What Madonsela calls “the Gogo Dlamini cases” must be solved, and the underlying structural issues standing between Gogo Dlamini and her pension must be addressed. But in the long run, the kind of country in which a private presidenti­al home is upgraded with state funds will not have the money to pay Gogo Dlamini’s pension, no matter how efficient the pension system is.

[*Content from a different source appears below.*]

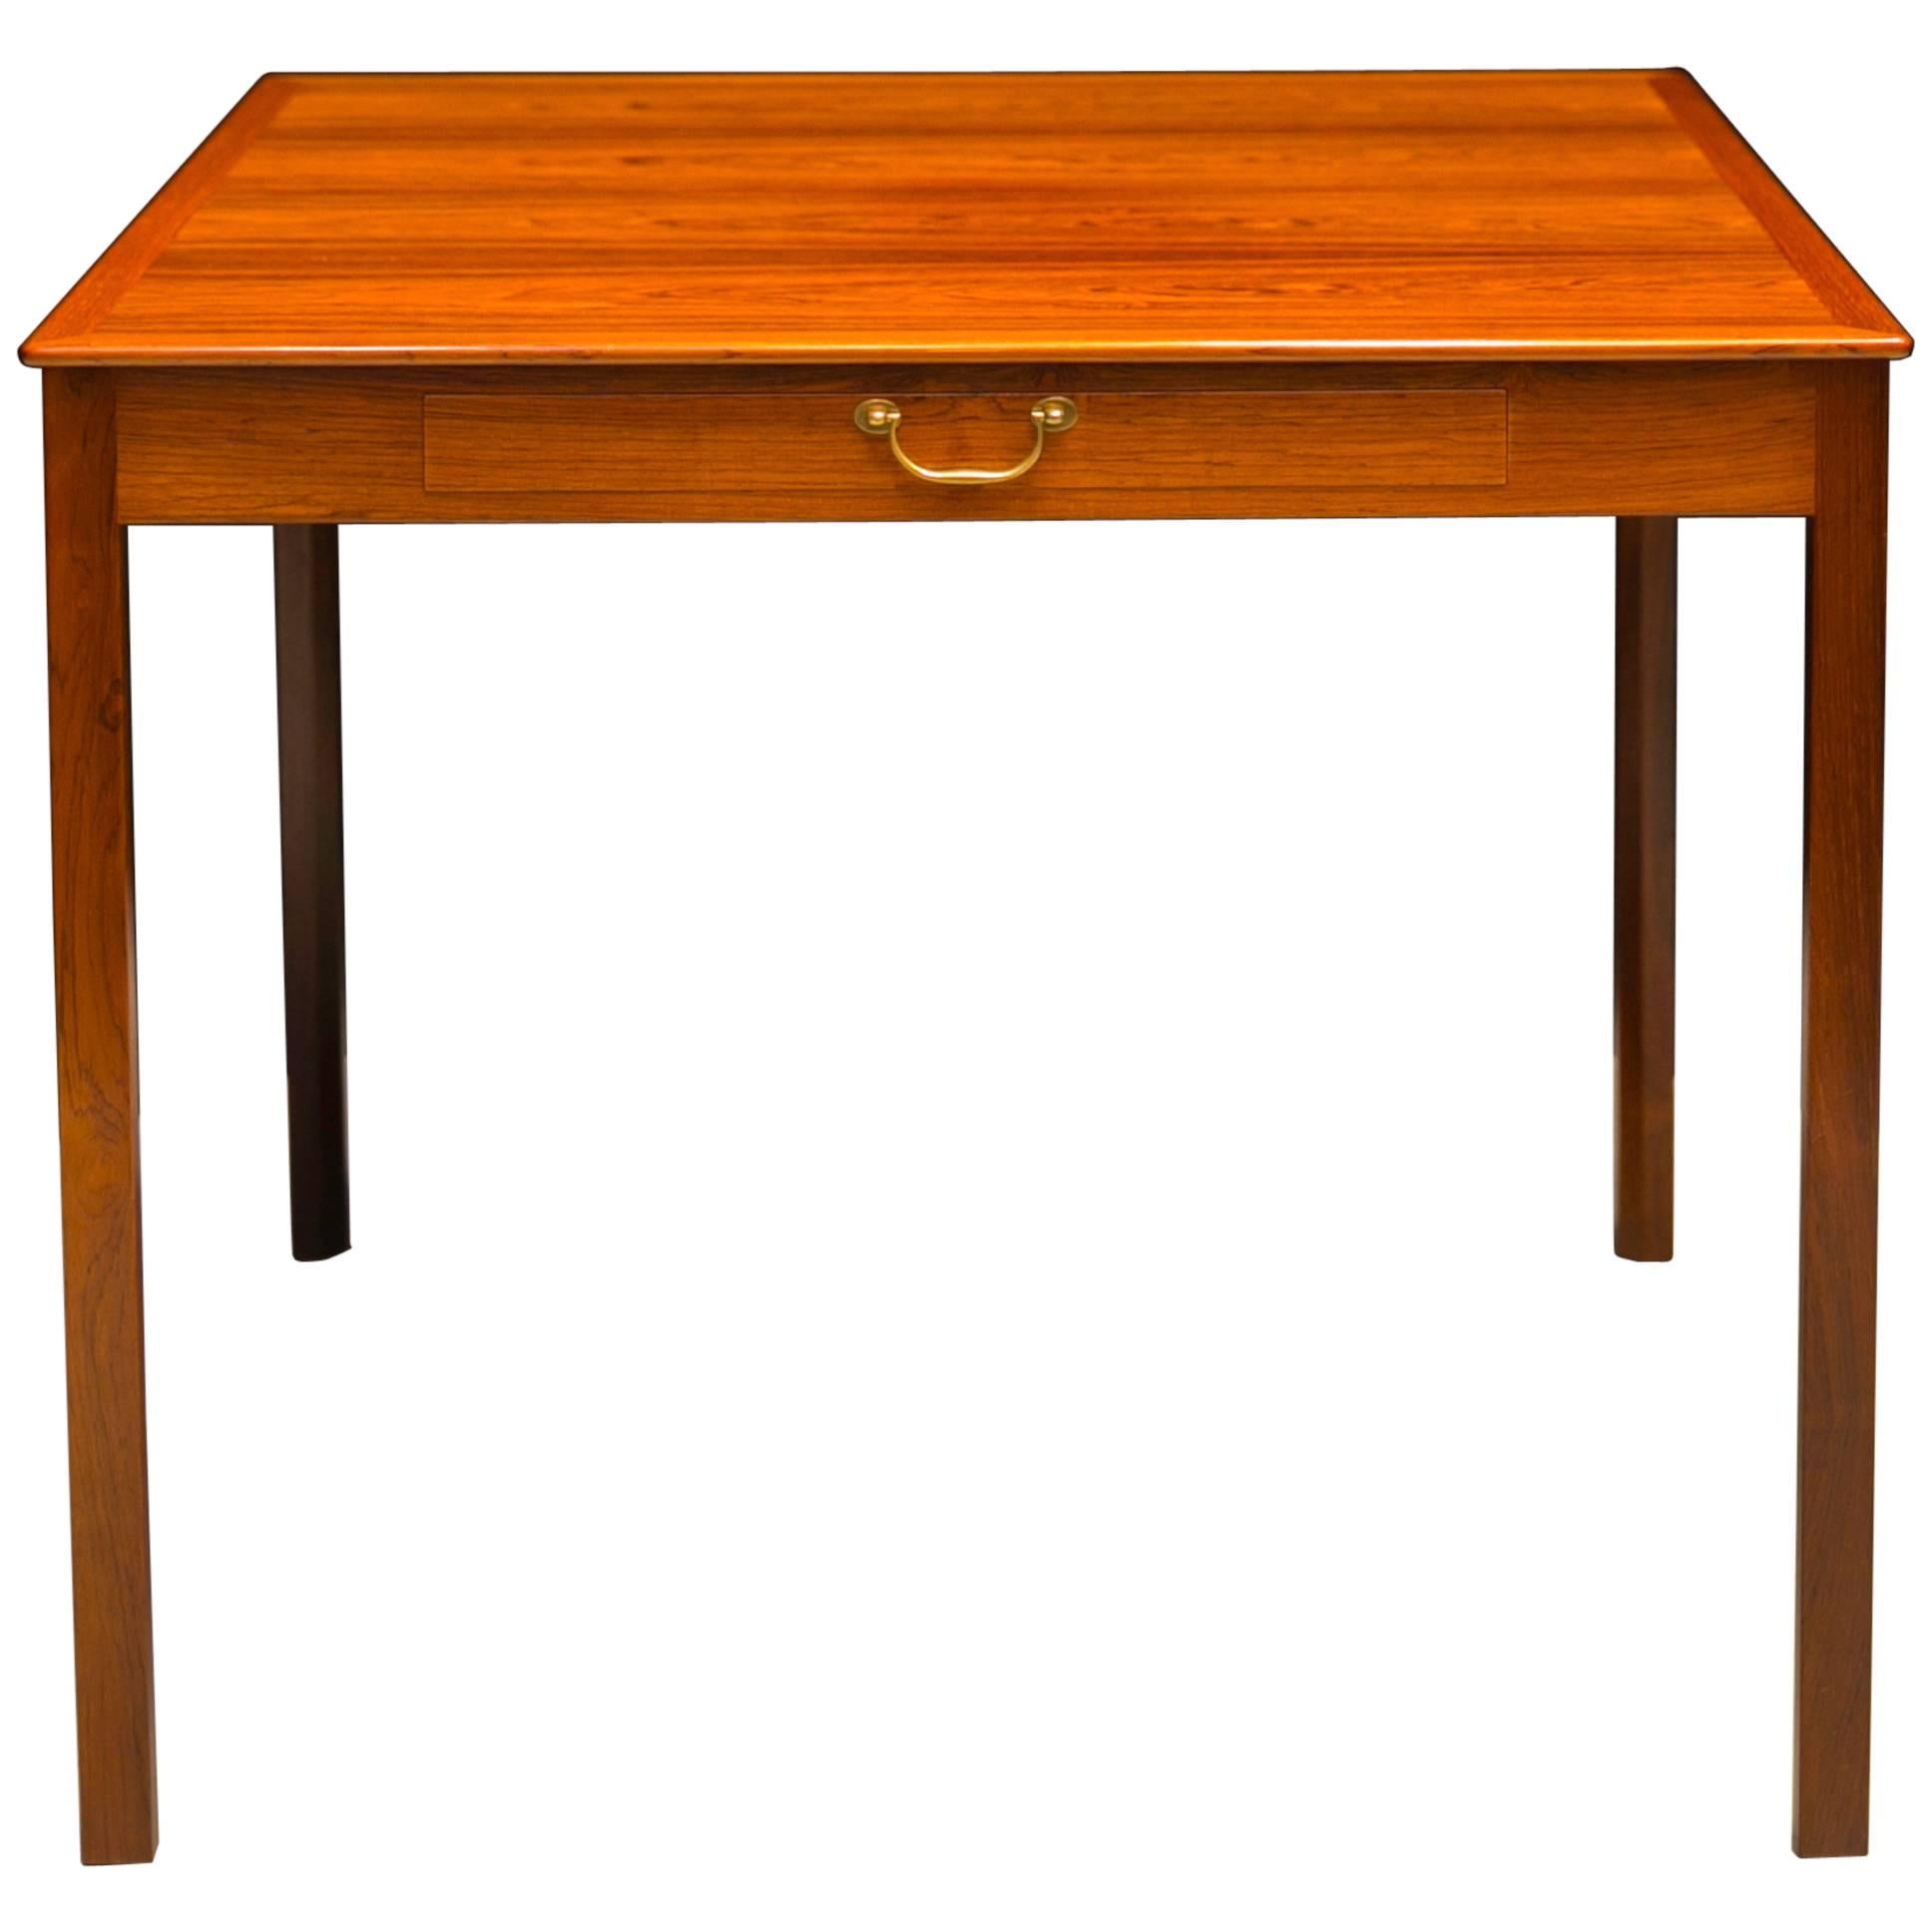 Ole Wanscher's Elegant and Refined Brazilian Rosewood Games Table with Drawer  For Sale

When a party misuses state resources for its own political gain and is not even reprimande­d, then at stake is the very democracy that is supposed to improve Gogo Dlamini’s life. Whether she has an ID or not will make very little difference. The big issues matter. And it doesn’t get much bigger than state capture. As Parliament had no incentive whatsoever to deal with Nkandla, so the ANC had no incentive to deal with allegation­s that the Gupta family was in effect controllin­g its top leaders. Just as state-bought food parcels being handed out at an ANC event may not quite constitute a criminal act, a president taking advice from businesspe­ople on Cabinet appointmen­ts may not constitute corruption — even if the increasing­ly executive-minded police were to investigat­e the same.

If one family has had undue, damaging influence on everything from policy decisions to the compositio­n of the boards of state-owned enterprise­s, then the public protector is the body we must look to for action.

So Madonsela’s confirmati­on this week that she has requested the budget needed to investigat­e allegation­s of state capture comes as something of a relief.

We hope that Madonsela’s successor will share many of her attributes: her fearlessne­ss in speaking truth to power, her ability to stay the course in the face of serious attempts at political bullying and her focus on the long-term greater good rather than expediency.

If it were ever to come down to a choice, however, we hope the next public protector will prioritise the investigat­ion of alleged state capture over the day-to-day failures and excesses of the state, and so help to fix it from the core outward.